Advogado(s) do reclamado: PAULO ROBERTO TEIXEIRA TRINO JUNIOR REGISTRADO(A) CIVILMENTE COMO PAULO ROBERTO TEIXEIRA TRINO JUNIOR
RELATOR(A): 3ª Cadeira da 2ª Turma Recursal
EMENTA
JUIZADOS ESPECIAIS CÍVEIS. RECURSO INOMINADO. DIREITO DO CONSUMIDOR. CIVIL. PROCESSO CIVIL. AÇÃO DECLARATORIA DE NULIDADE CONTRATUAL C/C REPETIÇÃO DE INDÉBITO C/C INDENIZAÇÃO POR DANOS MORAIS E MATERIAIS. CONTRATO DE EMPRÉSTIMO CONSIGNADO. ALEGAÇÃO DE FRAUDE. CONTRATAÇÃO POR MEIO ELETRÔNICO. RECEBIMENTO DOS VALORES CONTRATADOS. COMPROVANTE DE VALOR DEPOSITADO NA CONTA DA PARTE AUTORA. REGULARIDADE DO NEGÓCIO JURÍDICO ENTABULADO. AUSÊNCIA DE DEMONSTRAÇÃO DE VÍCIO DE CONSENTIMENTO. LICITUDE DOS DESCONTOS REALIZADOS. SENTENÇA MANTIDA. RECURSO CONHECIDO E NÃO PROVIDO.
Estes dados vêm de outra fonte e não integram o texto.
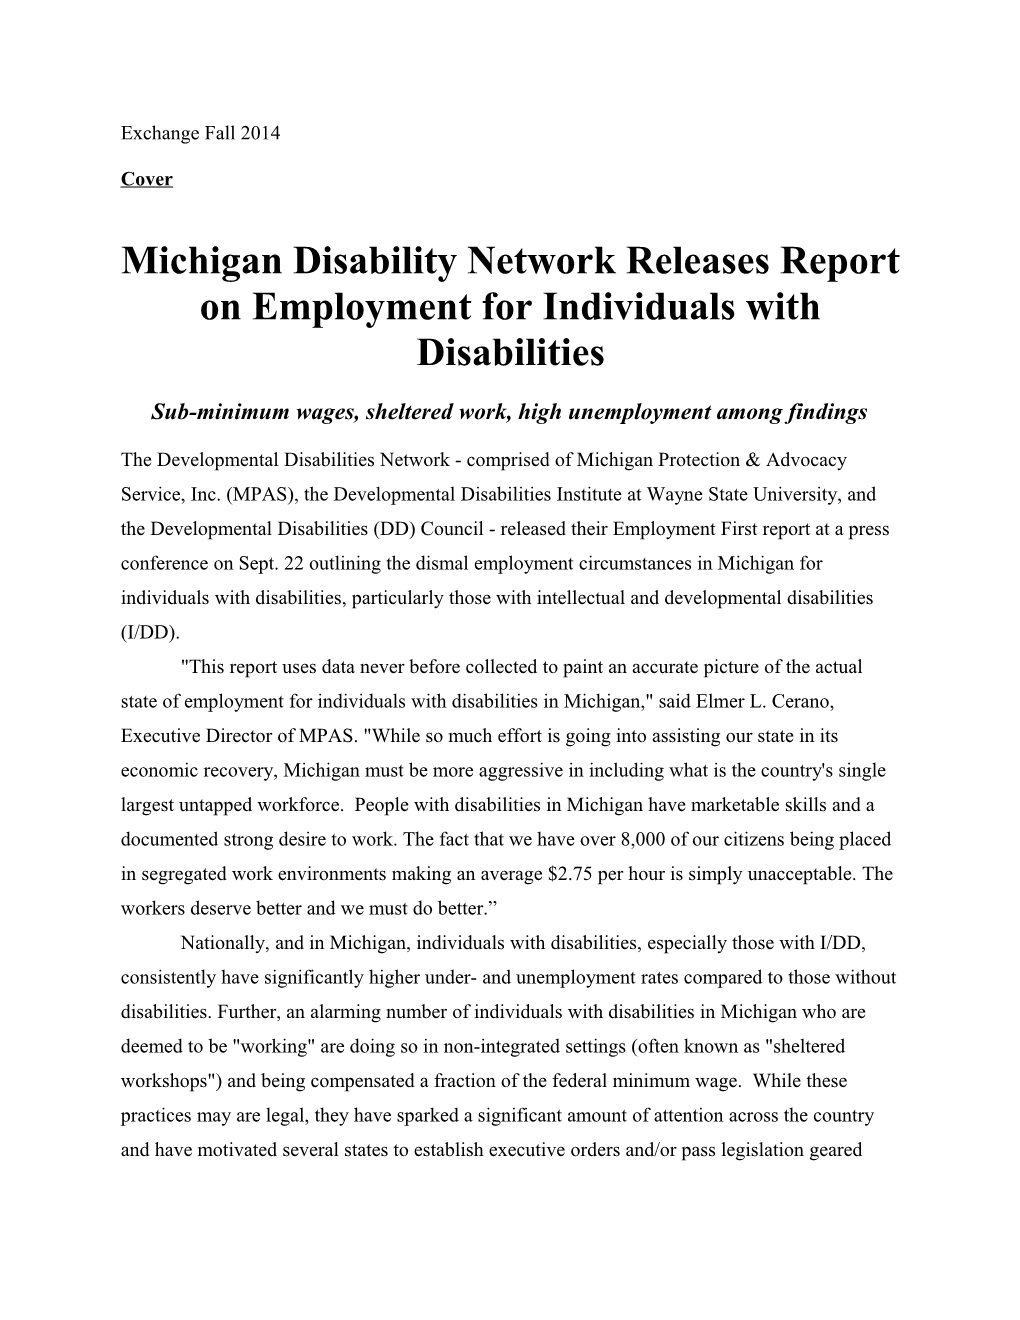 Michigan Disability Network Releases Report on Employment for Individuals with Disabilities

– SÚMULA Nº 18 – A ausência de comprovação pela instituição financeira da transferência do valor do contrato para a conta bancária do consumidor/mutuário, garantidos o contraditório e a ampla defesa, ensejará a declaração de nulidade da avença, com os consectários legais.
RELATÓRIO
Trata-se de AÇÃO DECLARATORIA DE NULIDADE CONTRATUAL C/C REPETIÇÃO DE INDÉBITO C/C INDENIZAÇÃO POR DANOS MORAIS E MATERIAIS na qual a parte autora sustenta que os descontos supostamente operados pela parte ré em seus proventos de aposentadoria são ilícitos, pois não possuem lastro negocial válido. Requer, com base nisso, a condenação da instituição financeira ao pagamento de indenização por danos morais, a repetição em dobro do que foi pago e, ainda, o cancelamento do contrato.
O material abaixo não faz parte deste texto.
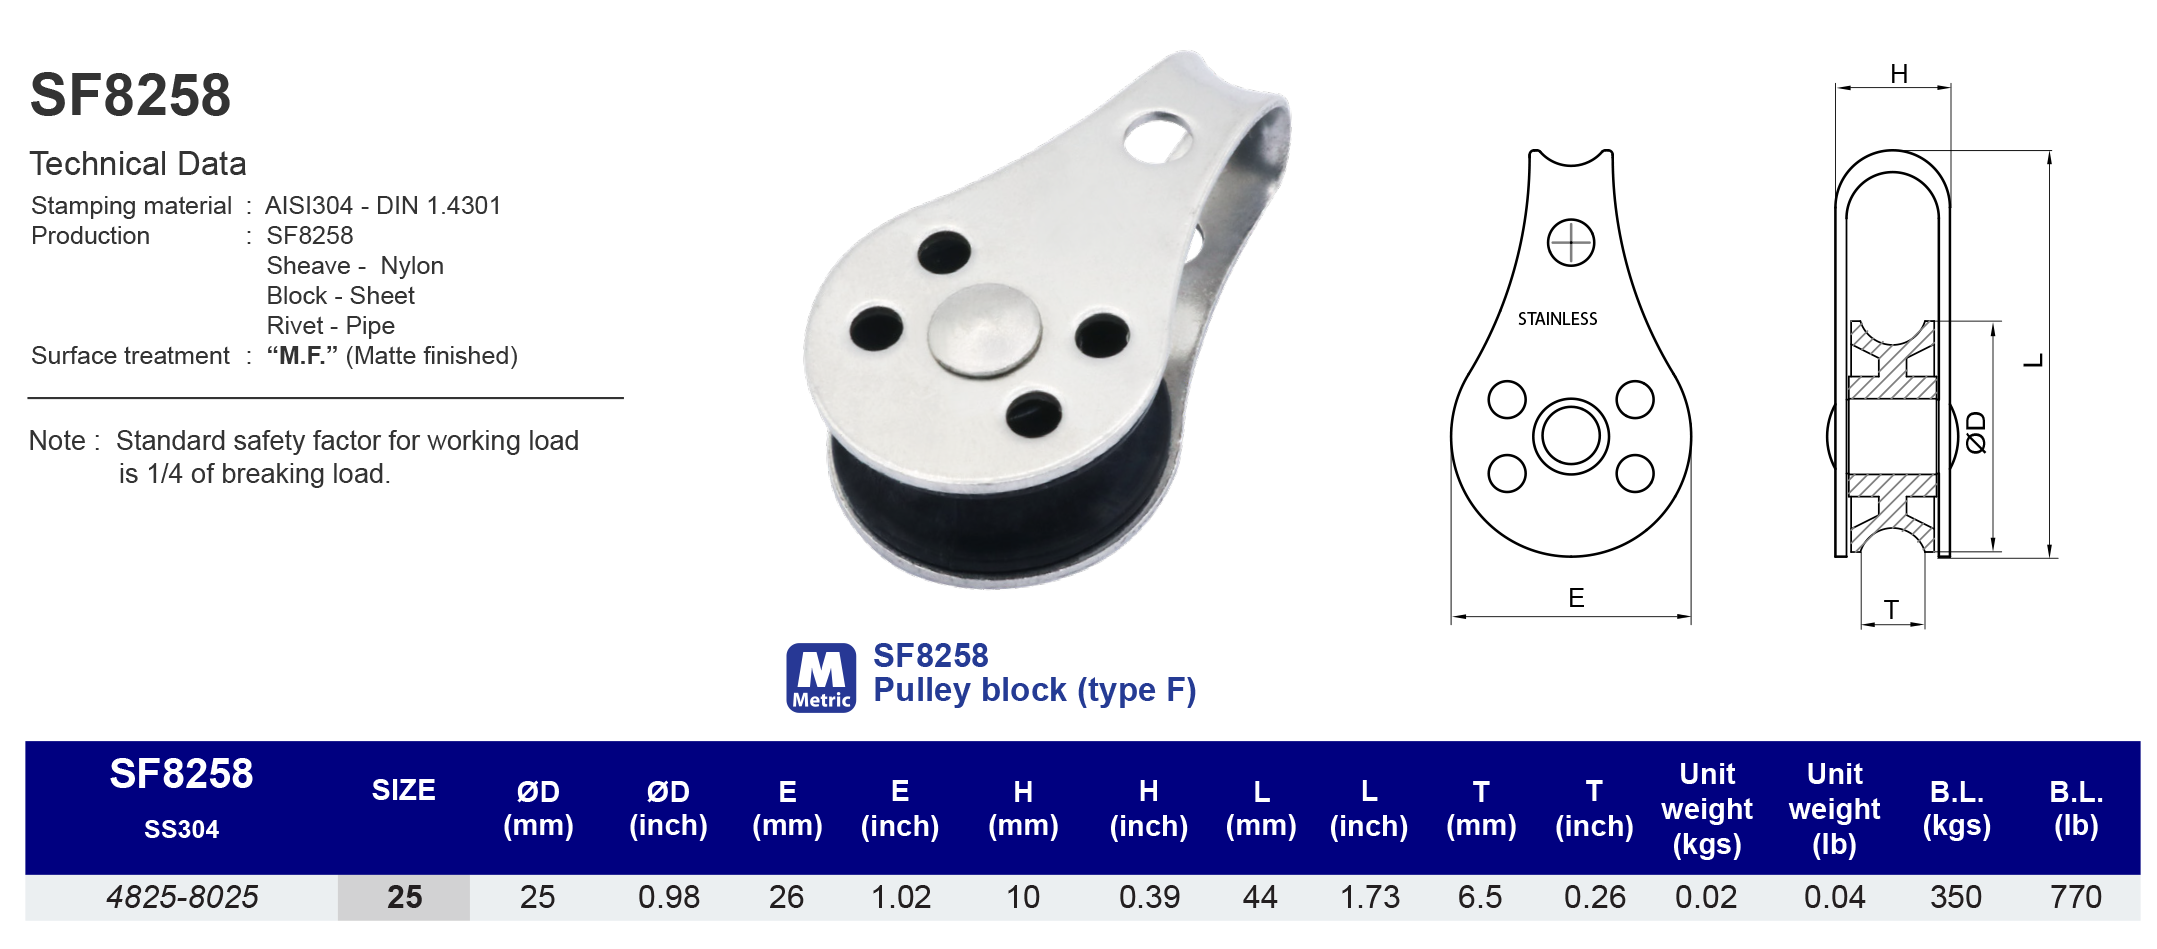 SF8258 Pulley block (type F) - 304

Após a instrução processual, sobreveio sentença do magistrado de origem, que julgou improcedentes os pedidos autorais, extinguindo o feito, com resolução do mérito, na forma do artigo 487, inciso I, do Código de Processo Civil (ID 12099551).
Inconformada com a sentença proferida, a parte autora, interpôs o presente recurso inominado requerendo, em síntese, a reforma da sentença e consequente provimento do recurso para julgar procedentes os pedidos iniciais, vez que o contrato de empréstimo não foi realizado, pois não houve a comprovação do efetivo pagamento e do contrato não exigidos para concluir-se o negócio jurídico (ID 12099553).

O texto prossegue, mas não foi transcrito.